GeneCentric’s leading-edge rT(I)ME Explorer Platform
The rT(I)ME Explorer Platform is translating tumor biology into robust prognostic and predictive RNA-based gene signatures. Our platform builds upon the pioneering work of co-founders Charles Perou, PhD, and Neil Hayes, MD, MPH, MS, innovators in the molecular characterization and treatment of cancer, and the immunogenomic computational pipelines developed and curated by Benjamin Vincent, MD, and Joel Parker, PhD, founders of Select ImmunoGenomics, which was acquired by GeneCentric in 2019.
Signature engine & subtypes
A keystone to drug response biomarkers and central to the rT(I)ME Explorer Platform are high-resolution molecular subtypes – inherent genomic signals within a cancer type that are characteristic of its underlying biology. Through advanced computational biology, an expanding portfolio of cancer subtypes and biomarkers accrues within the rT(I)ME Explorer Platform.
Our platform leverages enormous, publicly available gene expression datasets complemented by proprietary data and tools to develop discrete sets of key genes that define cancer subtypes and predict drug response. By reducing the multitude of genes associated with response to discrete key gene set signatures, we enable rapid development of tumor-specific clinical assays. The signatures are platform agnostic, so they are capable of being deployed on established commercial instruments.

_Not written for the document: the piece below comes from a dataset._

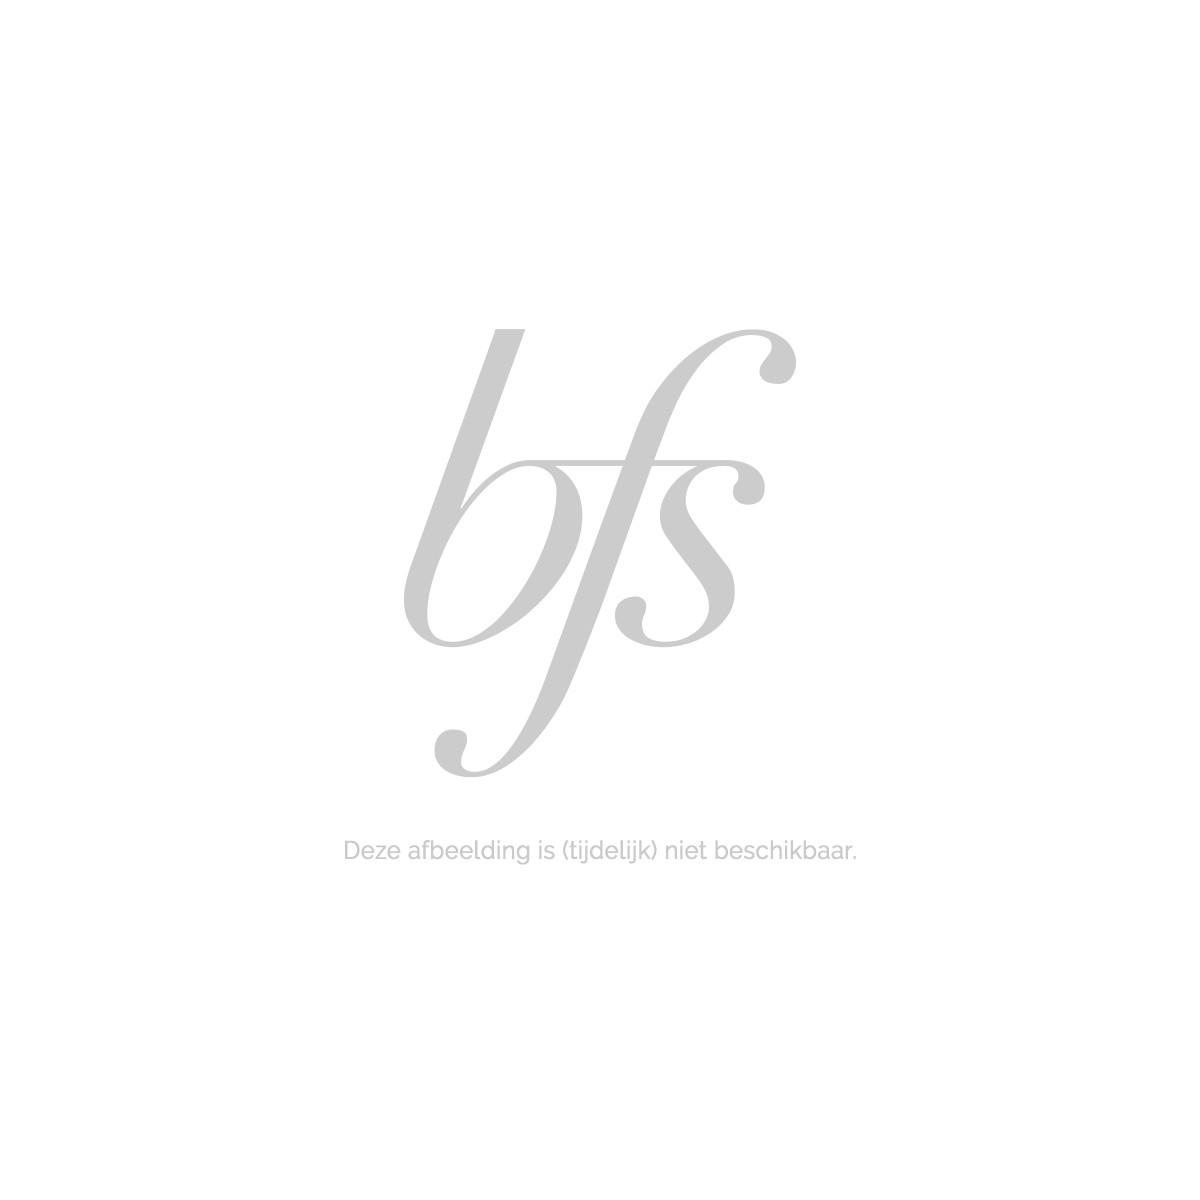 Chanel Coco Mademoiselle edt refillable spray Eau de Toilette 50 ml
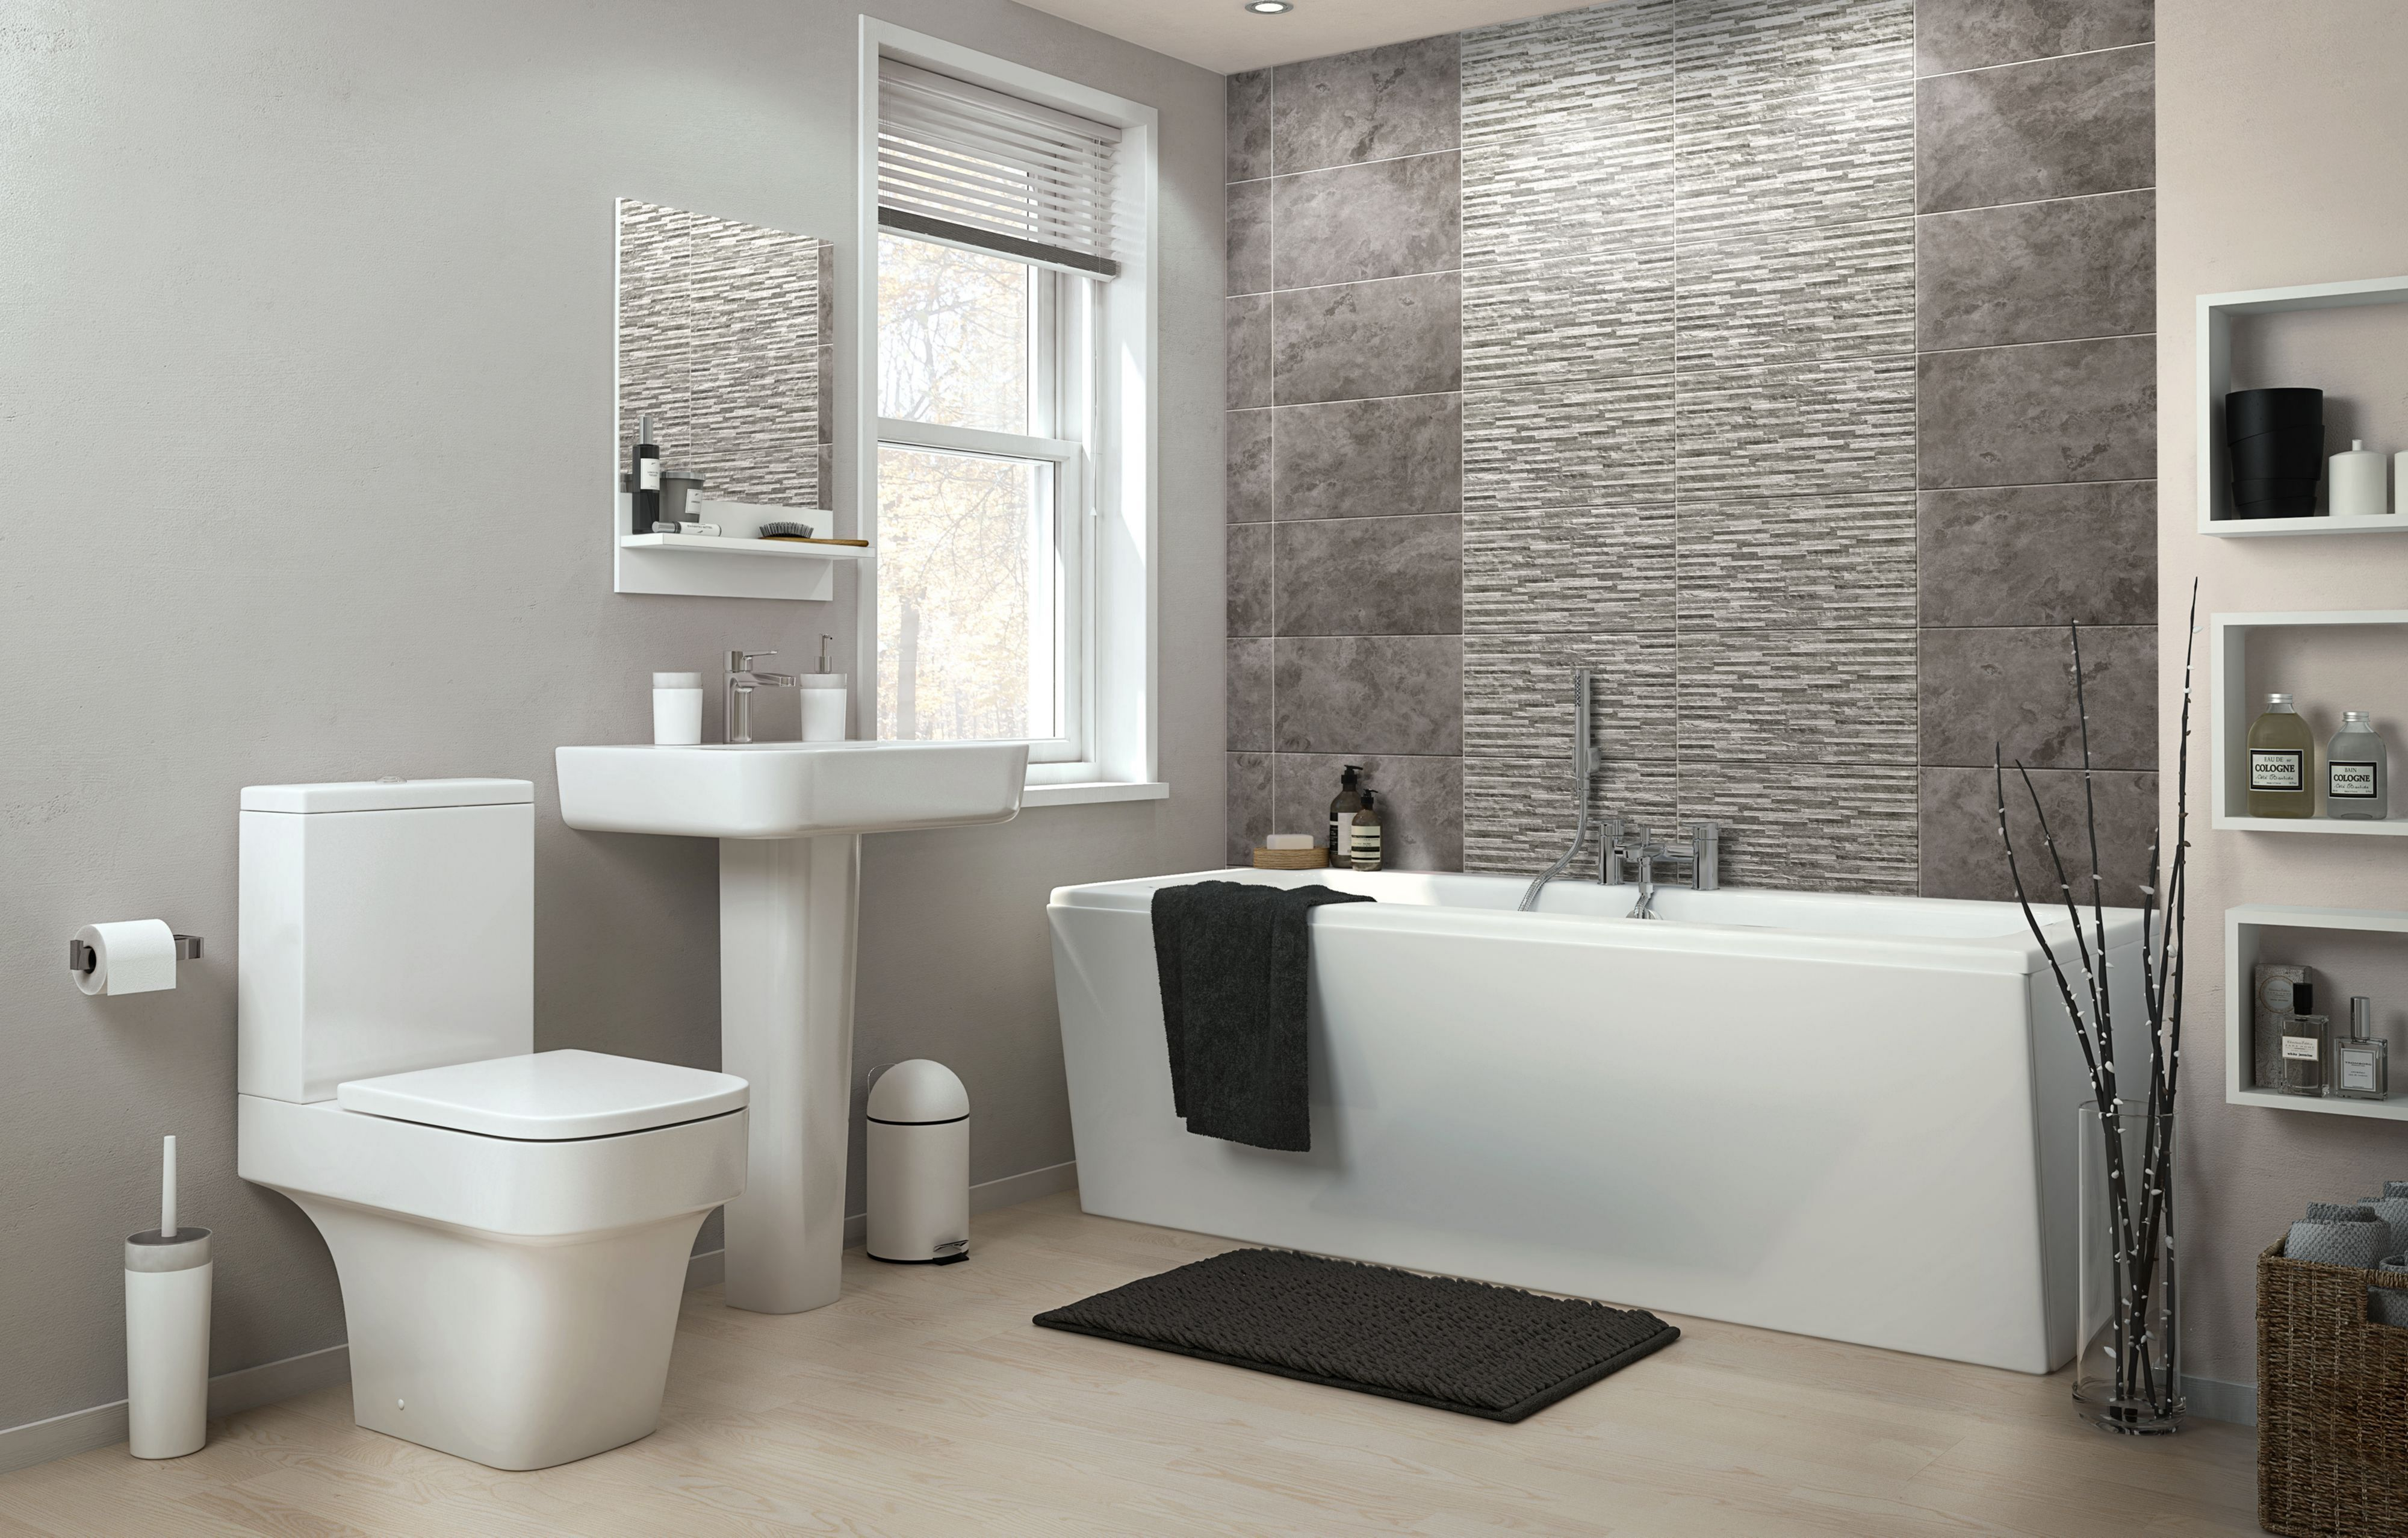 25 Attractive Modern Small Bathroom Designs For Awesome Home Dexorate Bathroom Design Small Modern Simple Bathroom Modern Bathroom

Our ability to identify and reduce to practice a select gene set that defines cancer subtypes and predicts drug response underlies our core patents and proprietary position. Our intellectual property includes technology licensed from the University of North Carolina, based on technology developed by Drs. Perou and Hayes, as well as technology developed by GeneCentric.
In addition to core tumor biology subtypes, which often include characteristic immune profiles, a deep immunogenomic capability is essential to fully exploring the tumor in the context of its associated microenvironment. The rT(I)ME Explorer Platform is comprised of unparalleled immunogenomic pipelines involving diverse neoantigen prediction, highly curated and proprietary immune gene signatures, and T cell and B cell (TCR/BCR) analysis capabilities. In addition to providing content for deriving predictive biomarkers, the immunogenomic component of the rT(I)ME Explorer Platform is a key target discovery enterprise, particularly with its neoantigen prediction capability.
Our RNA-based Antigen Discovery Immune Oncology (rADIO) informatics platform greatly expands the ability to discover therapeutic tumor antigens, as well as identify biomarkers for predicting immunotherapy response in cancer. rADIO goes beyond the use of gene expression to develop unique response signatures and unlocks underlying RNA sequence information that leads to new drug targets. In addition to discovering new therapeutic antigens, we can apply rADIO to new and existing datasets to identify improved biomarkers of immunotherapy response.
rADIO predicts tumor-specific and tumor-associated antigens from single nucleotide variants (SNVs), insertions and deletions (InDels), fusion events, splice variants, cancer/testis antigens (CTAs), overexpressed self-antigens, viruses, and human endogenous retroviruses (hERVs).
EXpressCT (Expression signatures through circulating tumor signals)
The value of RNA gene expression signatures in tumors is embedded in the fabric of precision medicine but, until recently, the frontier of liquid biopsy has been elusive to these RNA-based signatures. We are deploying a series of approaches based chiefly on fragmentation patterns of cell-free DNA (cfDNA) (fragmentomics) to port diverse gene expression signatures to add to the liquid biopsy armamentarium and improve precision medicine.
TRIUMPH (Transfer Learning RNA Immune Understanding in Microenvironment PHenotype) AI
The tumor microenvironment is a complex set of interactions, and within this intricate matrix lies the potential to unlock new modalities and biomarkers for cancer care. TRIUMPH allows us to capture intricate nuances of this ecosystem.
At the core, TRIUMPH uses transfer learning – a sophisticated AI technique that harnesses pre-existing models and fine-tunes them for specialized tasks. Our focus is on leveraging the wealth of single-cell RNA sequencing (scRNA-seq) data alongside deep learning methods to improve the measurements of specific immune cell types within the tumor microenvironment. These improved measurements can then be used to fuel precision immunotherapy through better predictive algorithms for response to immune therapies.